» DATA
::::::::

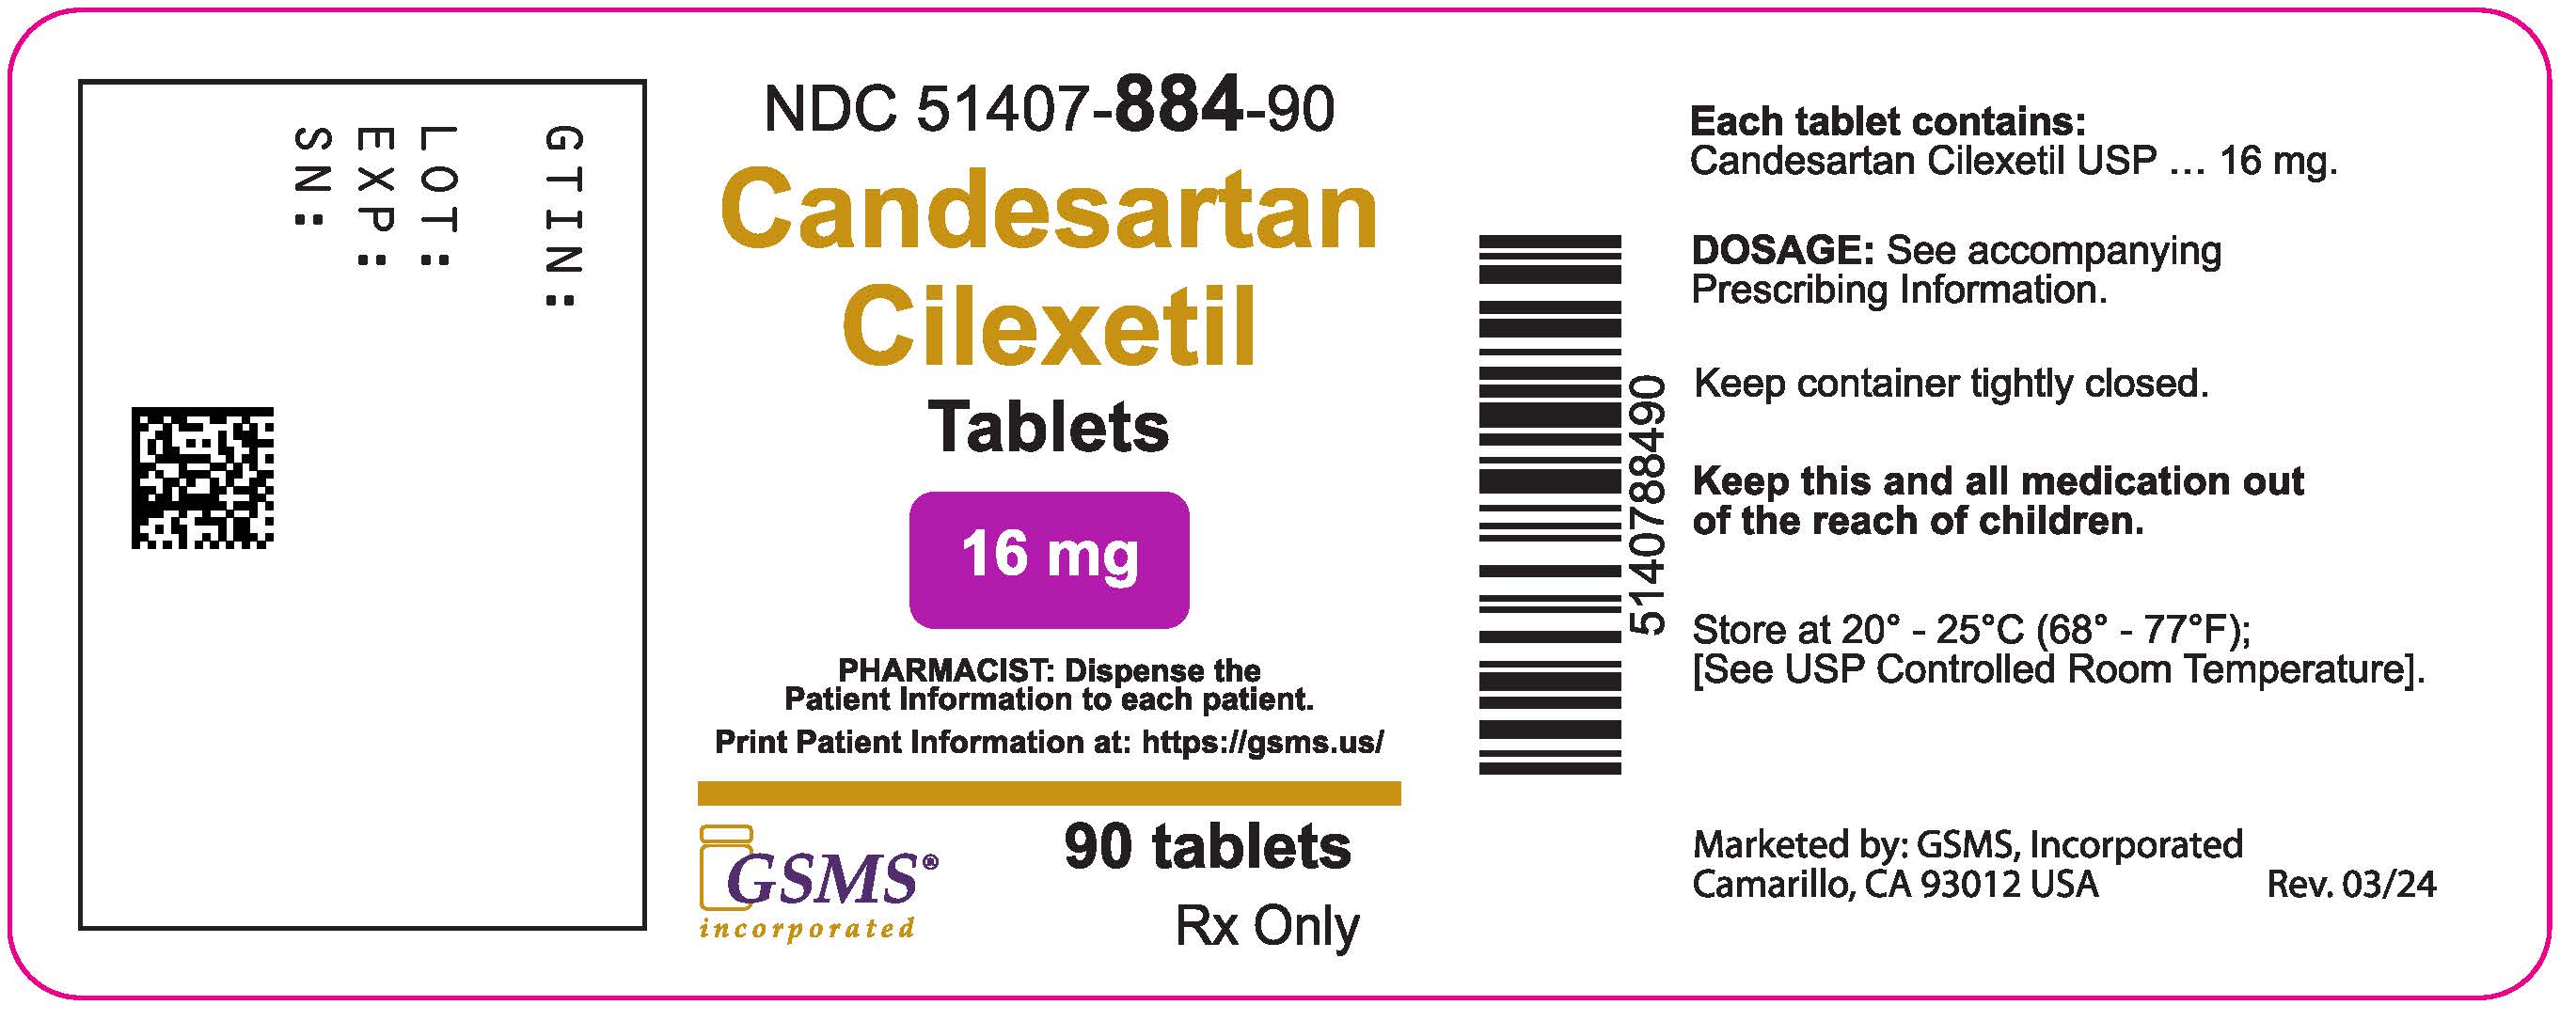 51407-884-90 - Candesartan Cilexetil 16 mg - Rev. 0324.jpg
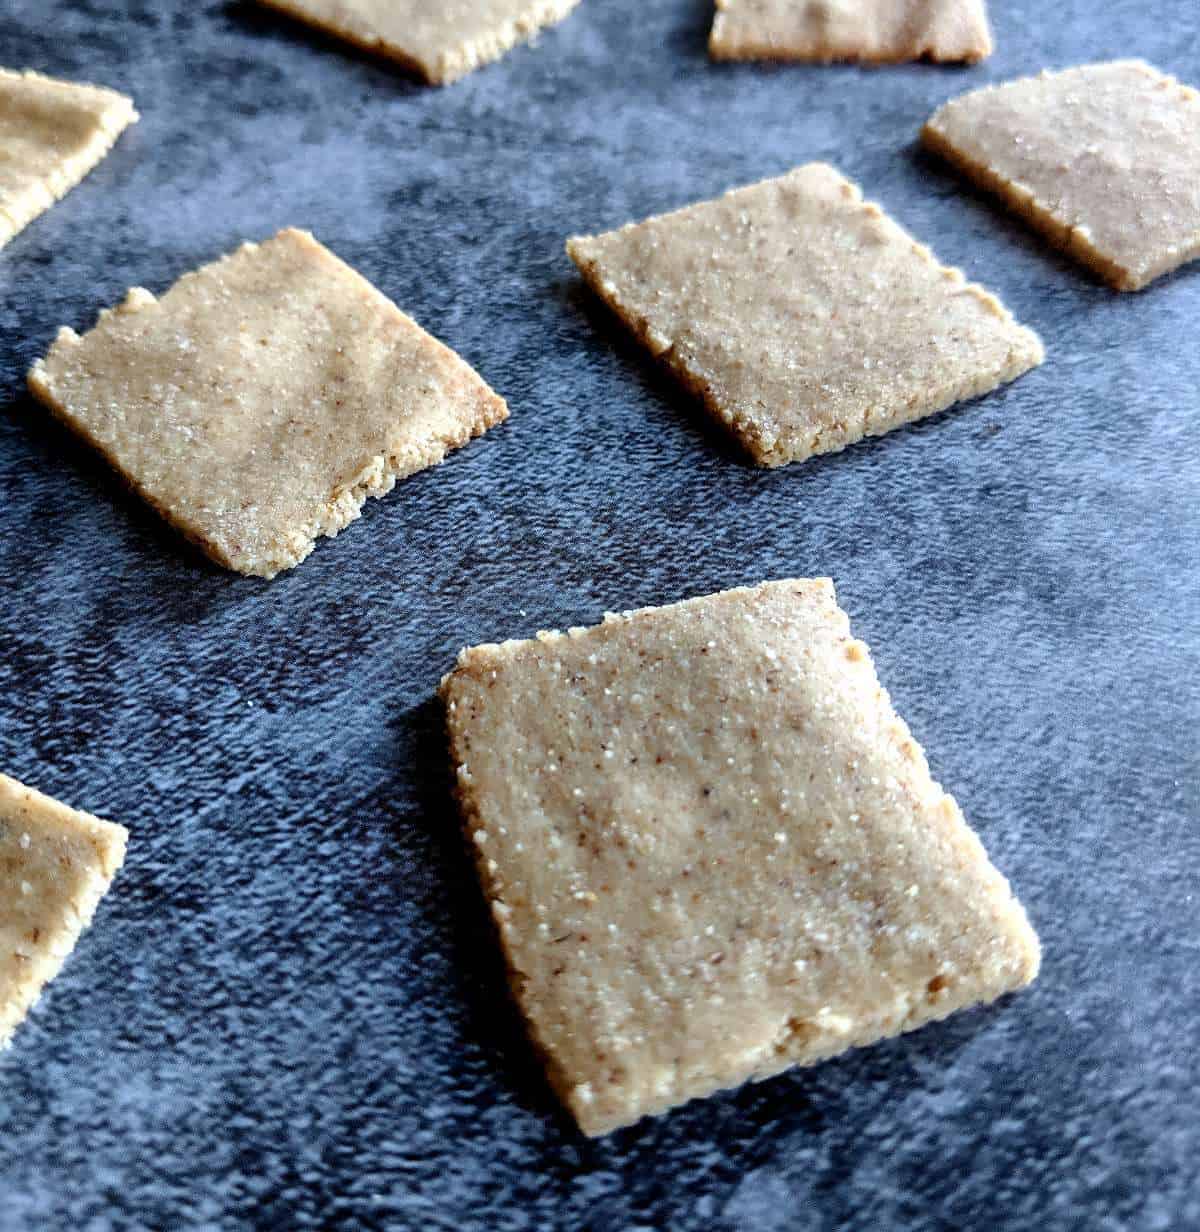 Tigernut flour crackers on a blue surface.
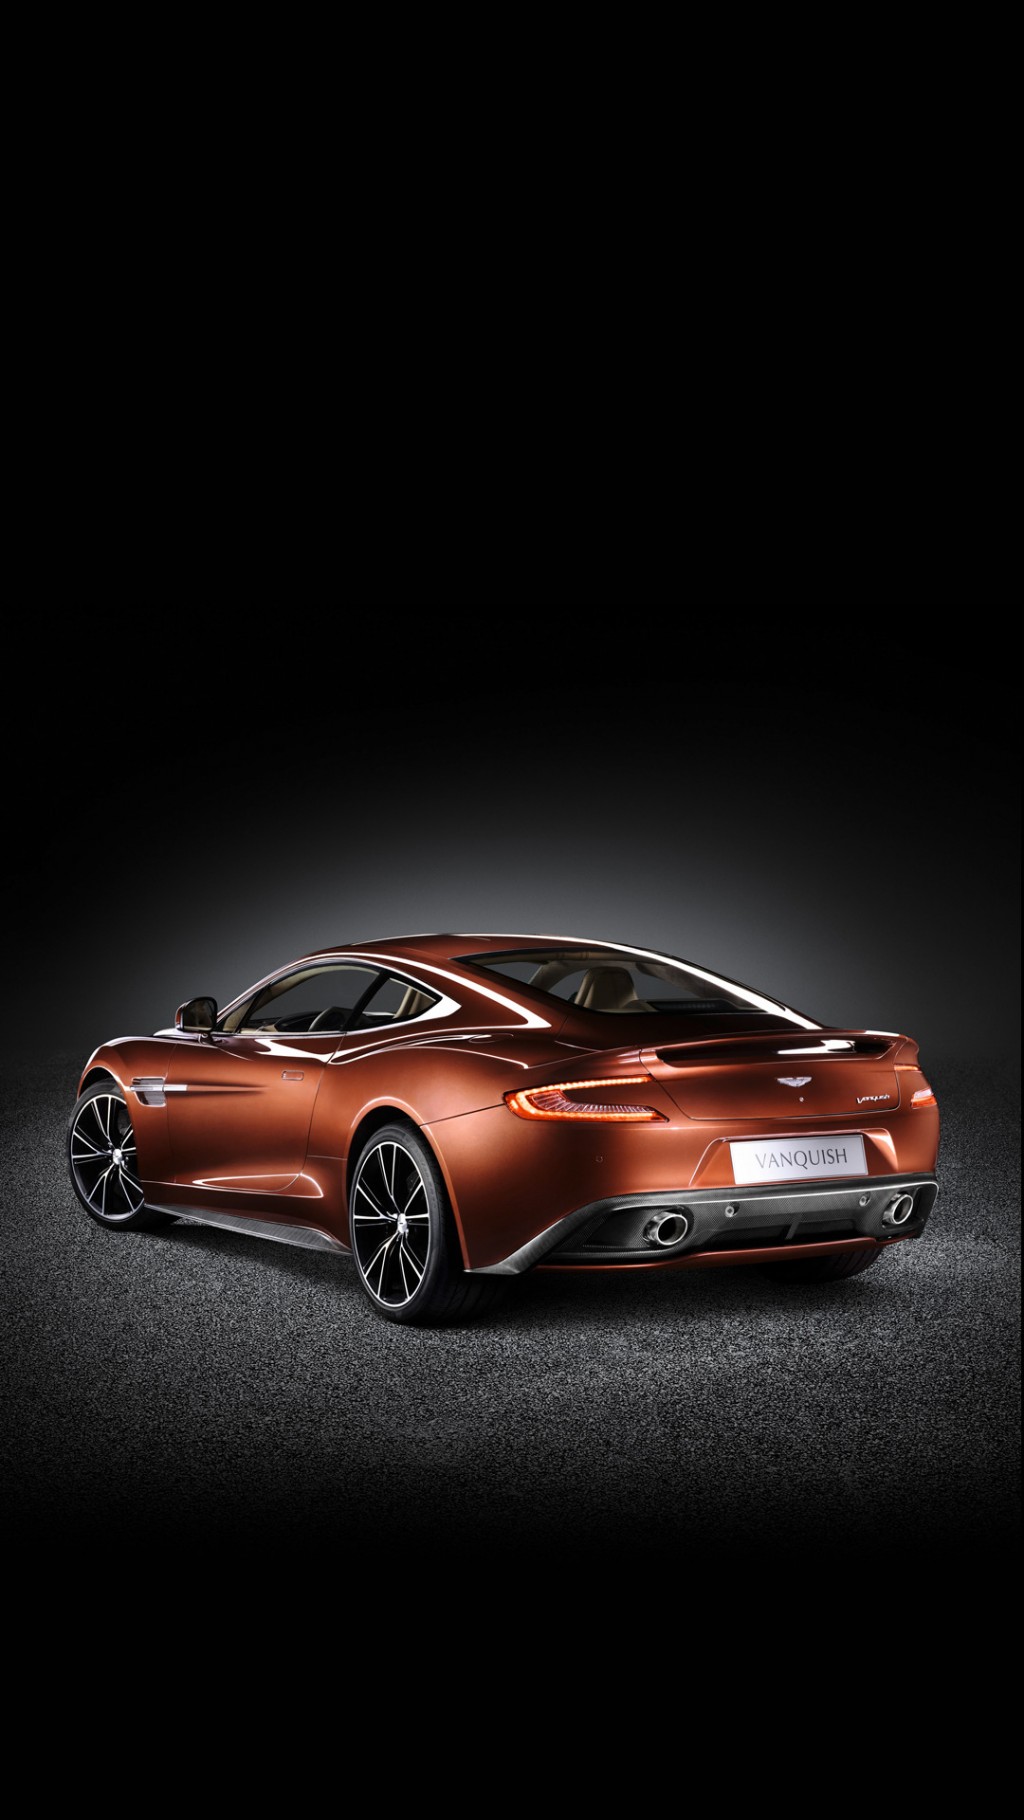 Car Iphone 6 Plus Wallpapers Aston Martin Vanquish photos of Best

::::::::

» TO DO
Please return the full listing exactly as given, with the images left out.

» THE ANSWER
 51407-884-90 - Candesartan Cilexetil 16 mg - Rev. 0324.jpg
 Tigernut flour crackers on a blue surface.
 Car Iphone 6 Plus Wallpapers Aston Martin Vanquish photos of Best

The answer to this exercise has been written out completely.